Кажется, он опустил лук. После томительного промедления – притихли все – донесся голос:
– Он утонул. Восемь лет ему было.
– Я твой брат! – возразила Федька, стараясь не искажать криком спокойный и уверенный лад голоса. – Подойти ко мне.
Татарин молчал после этого еще дольше. Так долго, что в самом молчании его чудилось смятение. Он уж не мог уклониться от призыва. Он двинулся не совсем уверенным шагом и на полпути остановился, обернувшись к товарищам за поддержкой. Но никто не осмелился сказать ему, что дважды обманувший смерть мальчишка лжет. Казаки – многие тут, если не все, достаточно понимали по-татарски, – казаки молчали, ожидая веского слова от Ахмета.
…Который, удерживая полунатянутую тетиву, подходил все ближе и ближе к Федьке. Подходил, слабея душой.
– У меня было еще два брата. От второй матери.
– Тот, что утонул. Это я, – просто сказала Федька.

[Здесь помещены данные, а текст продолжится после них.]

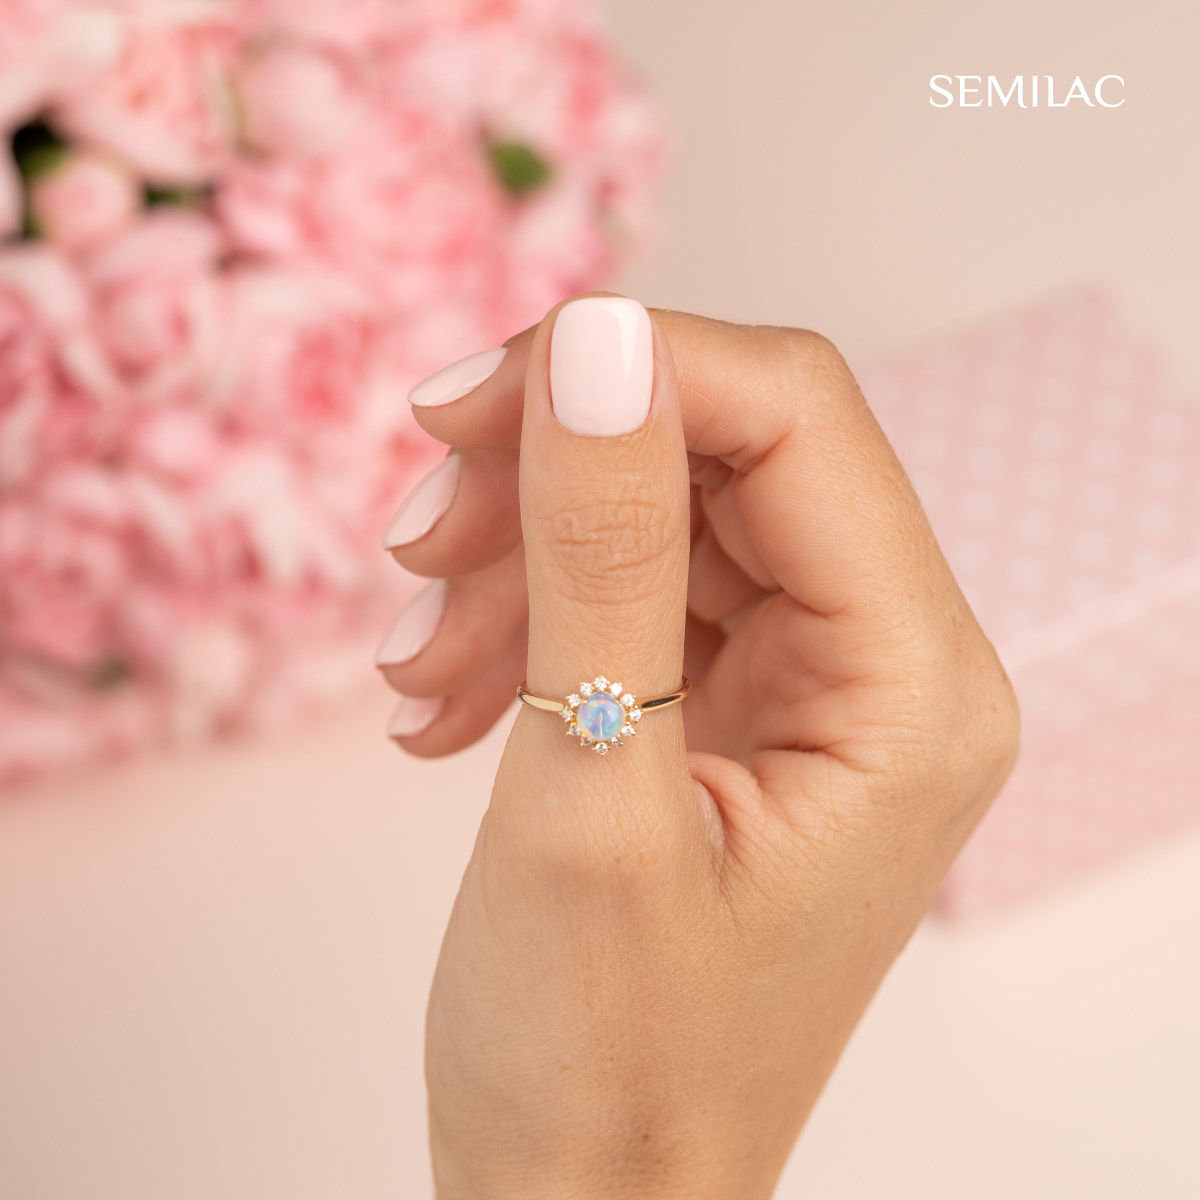 Semilac 574 Bride In Powder Pink UV Gel Polish 7ml - Semilac Shop
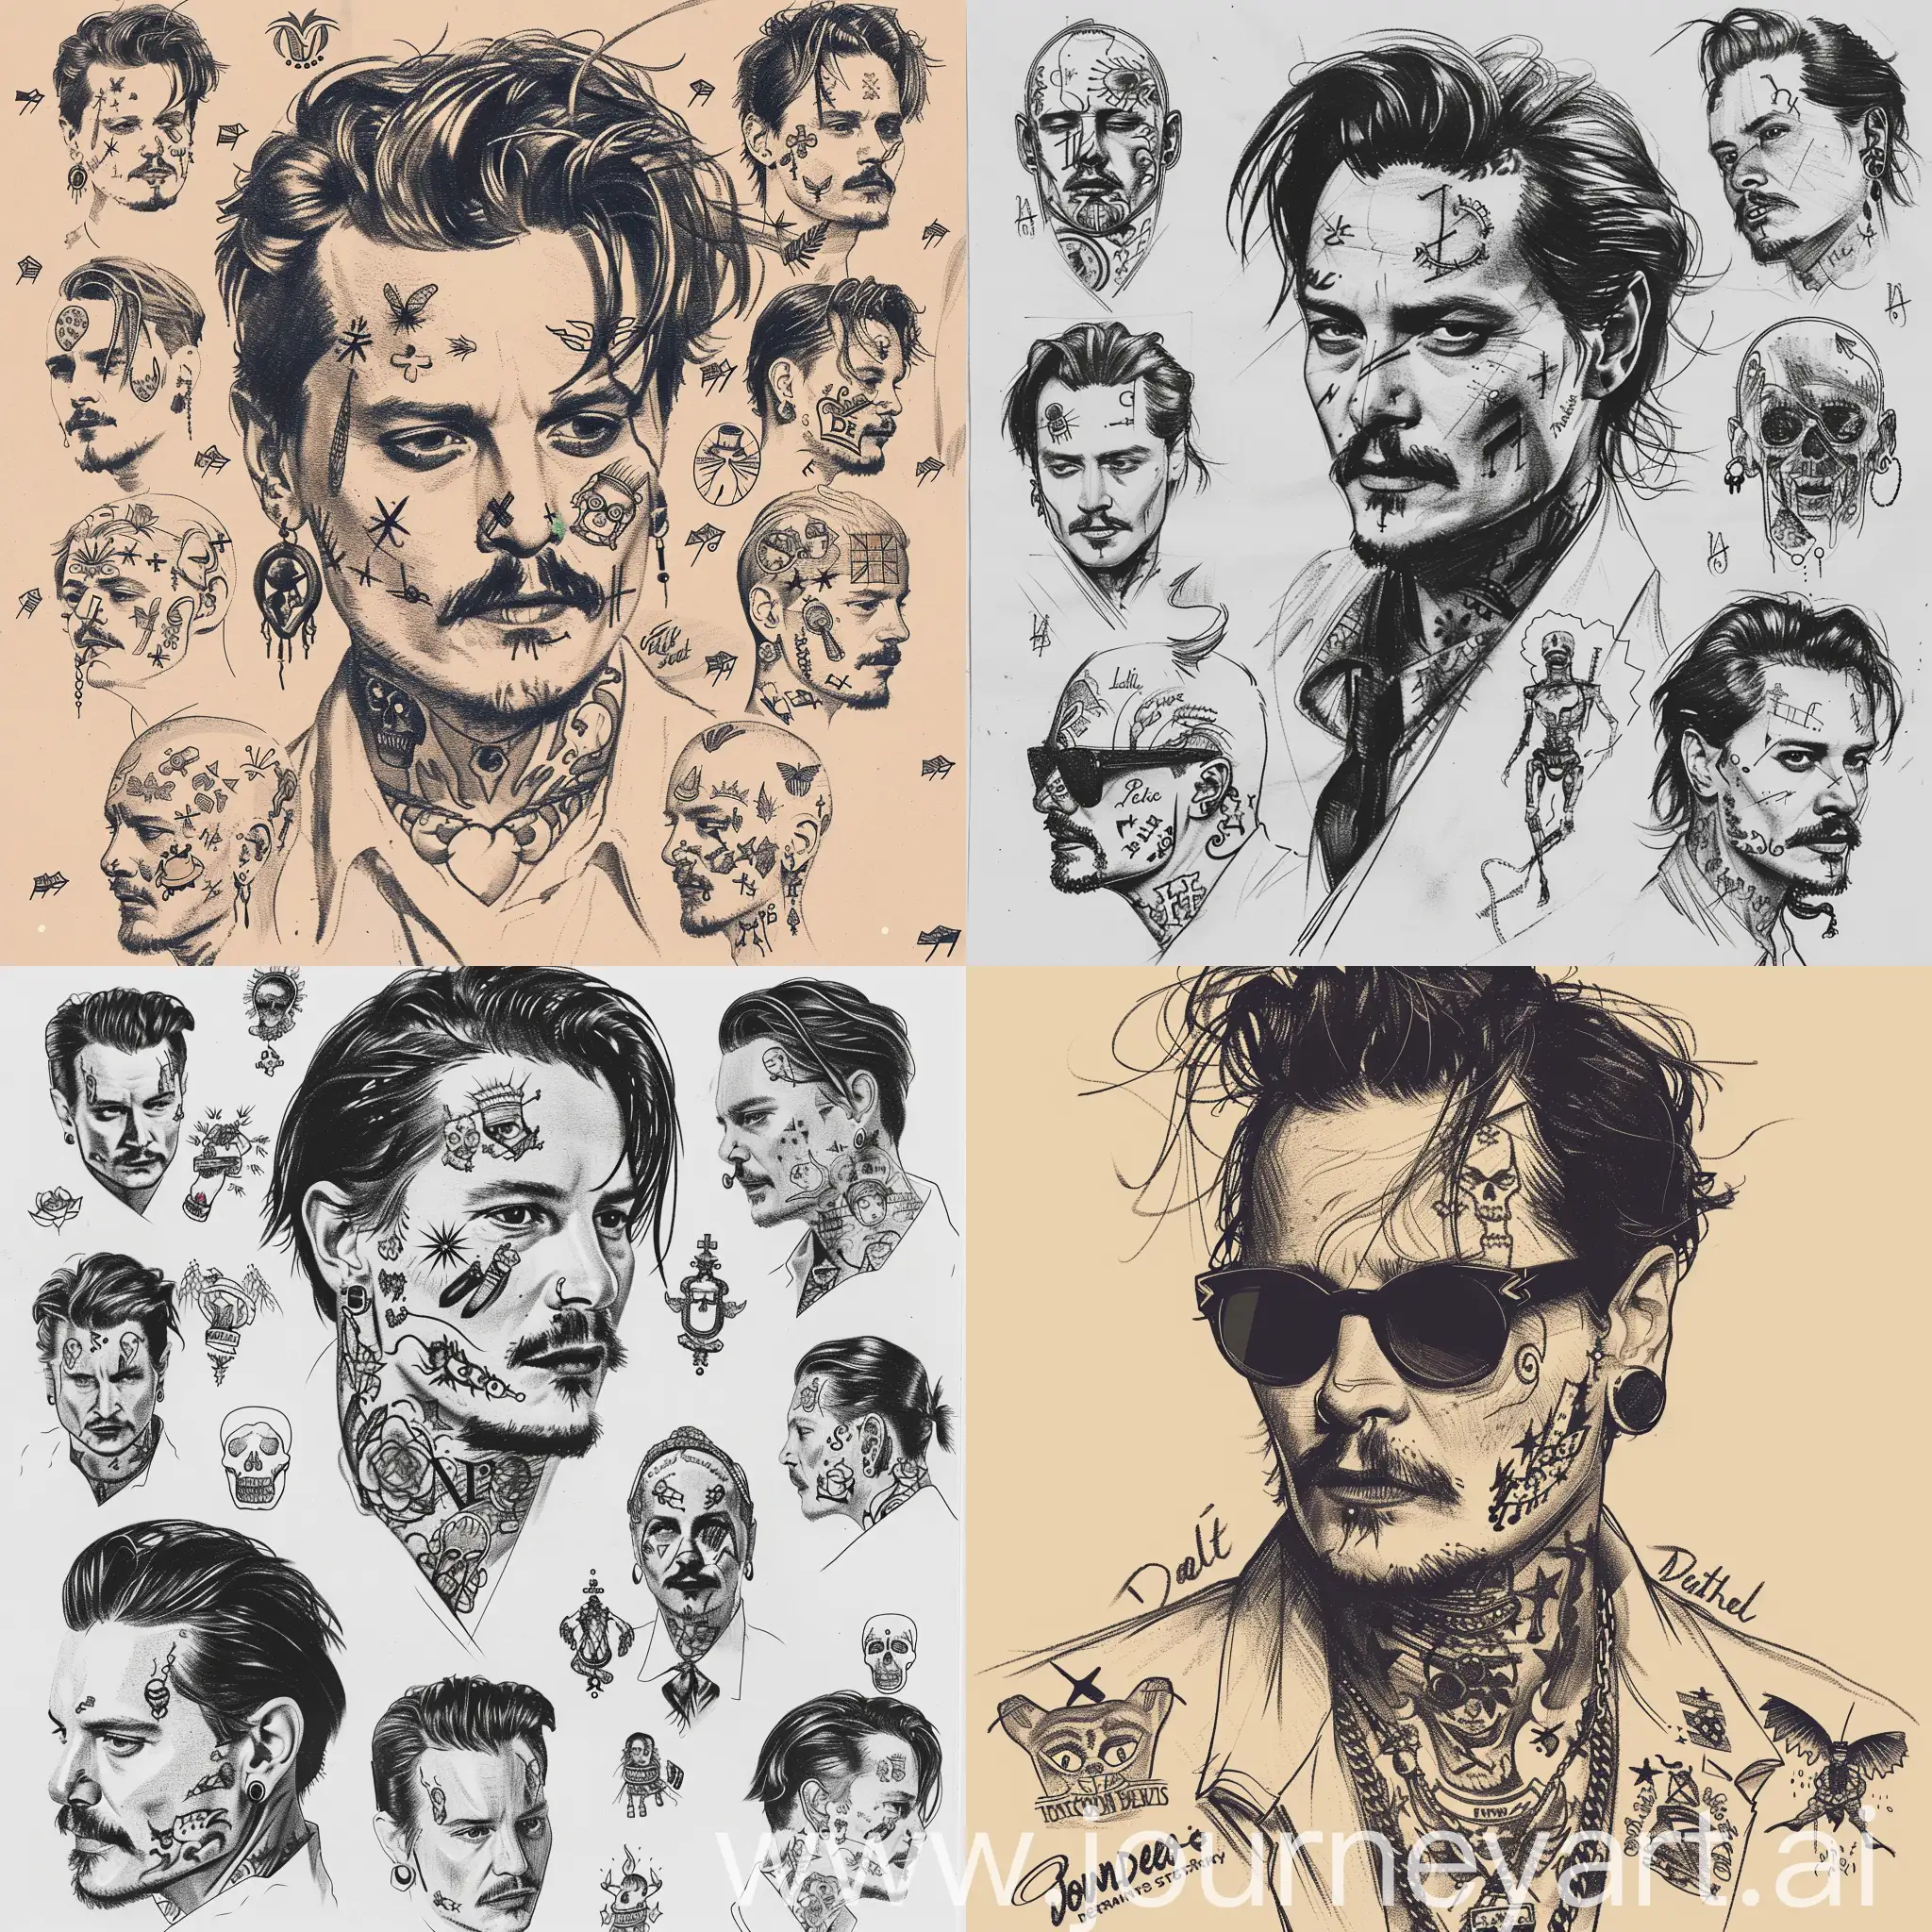 Изучи все татуировки Джонни Деппа, и нарисуй несколько эскизов в похожем стиле

А он оробел, только сейчас вот – с душевным ознобом – сообразив, чей смутный образ его тревожил. Кого этот русский юноша напоминал – безжалостного в своем совершенстве ангела. В повадках прекрасного, неведомо откуда среди степи взявшегося мальчика не было ничего от страха перед земными превратностями. Неправдоподобно красивый мальчик.
И Ахмет боялся узнать своего позабытого братца в выходящих из сумрака неземных чертах.
С предощущением ужаса перед непостижимой тайной он подходил все ближе – беззащитный, беспомощный, не смея ни отступить, ни уклониться.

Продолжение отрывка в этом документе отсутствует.